== Task to complete ==
Scan the material for "Ideas". Copy every line it appears in.
Dataset content Start Marker
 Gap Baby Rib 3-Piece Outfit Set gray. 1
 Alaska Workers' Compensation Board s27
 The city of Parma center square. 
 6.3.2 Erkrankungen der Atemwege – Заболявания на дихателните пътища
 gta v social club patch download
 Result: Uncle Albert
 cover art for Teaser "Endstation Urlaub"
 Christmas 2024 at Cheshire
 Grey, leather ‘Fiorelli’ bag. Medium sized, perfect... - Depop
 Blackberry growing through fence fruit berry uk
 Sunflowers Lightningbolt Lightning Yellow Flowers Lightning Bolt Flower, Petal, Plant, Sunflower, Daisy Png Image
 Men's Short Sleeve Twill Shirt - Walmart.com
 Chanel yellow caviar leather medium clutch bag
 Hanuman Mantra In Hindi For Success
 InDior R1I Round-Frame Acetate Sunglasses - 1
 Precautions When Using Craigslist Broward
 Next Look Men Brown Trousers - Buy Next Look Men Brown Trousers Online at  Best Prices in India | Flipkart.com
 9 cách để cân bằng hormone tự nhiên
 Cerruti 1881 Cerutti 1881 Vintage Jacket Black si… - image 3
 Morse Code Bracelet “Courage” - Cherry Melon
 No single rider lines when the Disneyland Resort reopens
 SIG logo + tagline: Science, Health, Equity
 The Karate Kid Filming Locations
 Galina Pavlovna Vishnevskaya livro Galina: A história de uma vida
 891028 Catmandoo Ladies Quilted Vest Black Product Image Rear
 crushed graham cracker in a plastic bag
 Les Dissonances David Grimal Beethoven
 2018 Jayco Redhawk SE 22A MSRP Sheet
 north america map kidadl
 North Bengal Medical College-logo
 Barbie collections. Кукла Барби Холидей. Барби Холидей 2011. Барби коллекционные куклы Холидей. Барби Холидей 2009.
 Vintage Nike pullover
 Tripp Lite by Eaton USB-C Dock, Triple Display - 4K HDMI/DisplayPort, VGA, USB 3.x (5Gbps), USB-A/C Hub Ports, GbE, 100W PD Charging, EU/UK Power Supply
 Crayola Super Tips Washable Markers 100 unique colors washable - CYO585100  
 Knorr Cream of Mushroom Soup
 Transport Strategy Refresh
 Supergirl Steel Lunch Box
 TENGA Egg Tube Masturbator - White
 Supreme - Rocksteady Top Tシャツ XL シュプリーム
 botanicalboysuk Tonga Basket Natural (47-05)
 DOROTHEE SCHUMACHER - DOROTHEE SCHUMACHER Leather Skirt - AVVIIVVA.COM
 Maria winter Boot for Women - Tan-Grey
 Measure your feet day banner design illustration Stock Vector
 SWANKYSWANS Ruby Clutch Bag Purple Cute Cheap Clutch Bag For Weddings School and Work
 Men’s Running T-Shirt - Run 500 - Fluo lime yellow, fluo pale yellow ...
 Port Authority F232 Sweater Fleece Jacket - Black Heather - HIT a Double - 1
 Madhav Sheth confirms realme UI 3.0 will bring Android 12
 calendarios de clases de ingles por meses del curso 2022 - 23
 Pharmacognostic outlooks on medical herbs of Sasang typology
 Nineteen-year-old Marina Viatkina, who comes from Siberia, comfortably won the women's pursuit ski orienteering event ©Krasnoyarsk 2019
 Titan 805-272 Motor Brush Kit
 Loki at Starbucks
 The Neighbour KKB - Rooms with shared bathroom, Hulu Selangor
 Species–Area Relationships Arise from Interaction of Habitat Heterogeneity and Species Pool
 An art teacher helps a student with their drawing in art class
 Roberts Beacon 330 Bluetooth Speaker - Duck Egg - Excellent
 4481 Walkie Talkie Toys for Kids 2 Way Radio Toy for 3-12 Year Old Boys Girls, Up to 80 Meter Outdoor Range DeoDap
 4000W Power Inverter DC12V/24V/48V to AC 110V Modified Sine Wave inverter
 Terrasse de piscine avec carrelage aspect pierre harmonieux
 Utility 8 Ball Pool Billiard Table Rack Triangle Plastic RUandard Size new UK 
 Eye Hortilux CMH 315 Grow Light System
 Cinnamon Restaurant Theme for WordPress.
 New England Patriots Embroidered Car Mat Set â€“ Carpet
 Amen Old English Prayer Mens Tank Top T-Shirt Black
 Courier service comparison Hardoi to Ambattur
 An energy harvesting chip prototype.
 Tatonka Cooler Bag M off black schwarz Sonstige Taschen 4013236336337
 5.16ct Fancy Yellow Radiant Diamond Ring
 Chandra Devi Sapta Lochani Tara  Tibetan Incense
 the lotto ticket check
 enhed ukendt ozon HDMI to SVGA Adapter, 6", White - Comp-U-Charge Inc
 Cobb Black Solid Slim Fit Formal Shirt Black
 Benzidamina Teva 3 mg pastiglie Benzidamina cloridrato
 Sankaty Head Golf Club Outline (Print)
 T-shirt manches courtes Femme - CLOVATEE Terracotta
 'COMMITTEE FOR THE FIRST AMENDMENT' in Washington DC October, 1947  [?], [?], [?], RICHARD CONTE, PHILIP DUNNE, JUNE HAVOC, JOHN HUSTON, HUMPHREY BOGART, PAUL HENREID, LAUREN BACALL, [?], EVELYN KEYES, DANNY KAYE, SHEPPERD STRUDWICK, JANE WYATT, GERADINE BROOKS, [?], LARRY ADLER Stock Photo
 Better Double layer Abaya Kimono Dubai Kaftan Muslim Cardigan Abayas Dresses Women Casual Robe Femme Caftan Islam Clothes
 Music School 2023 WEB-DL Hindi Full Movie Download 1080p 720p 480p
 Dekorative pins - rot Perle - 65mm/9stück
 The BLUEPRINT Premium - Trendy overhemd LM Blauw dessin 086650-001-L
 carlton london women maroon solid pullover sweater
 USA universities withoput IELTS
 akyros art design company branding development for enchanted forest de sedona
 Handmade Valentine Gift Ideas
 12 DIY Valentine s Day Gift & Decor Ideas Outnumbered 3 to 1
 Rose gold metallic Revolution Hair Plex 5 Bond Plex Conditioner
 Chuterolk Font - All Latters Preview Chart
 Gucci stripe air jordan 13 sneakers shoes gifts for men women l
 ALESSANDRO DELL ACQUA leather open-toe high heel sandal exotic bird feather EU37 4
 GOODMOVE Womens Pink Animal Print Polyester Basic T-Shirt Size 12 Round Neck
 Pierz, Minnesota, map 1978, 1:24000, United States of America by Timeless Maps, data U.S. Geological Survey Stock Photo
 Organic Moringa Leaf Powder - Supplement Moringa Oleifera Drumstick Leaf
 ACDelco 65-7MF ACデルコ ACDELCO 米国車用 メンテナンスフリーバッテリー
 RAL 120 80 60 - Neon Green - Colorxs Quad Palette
Dataset content End Marker
== Answer to this task ==
 Handmade Valentine Gift Ideas
 12 DIY Valentine s Day Gift & Decor Ideas Outnumbered 3 to 1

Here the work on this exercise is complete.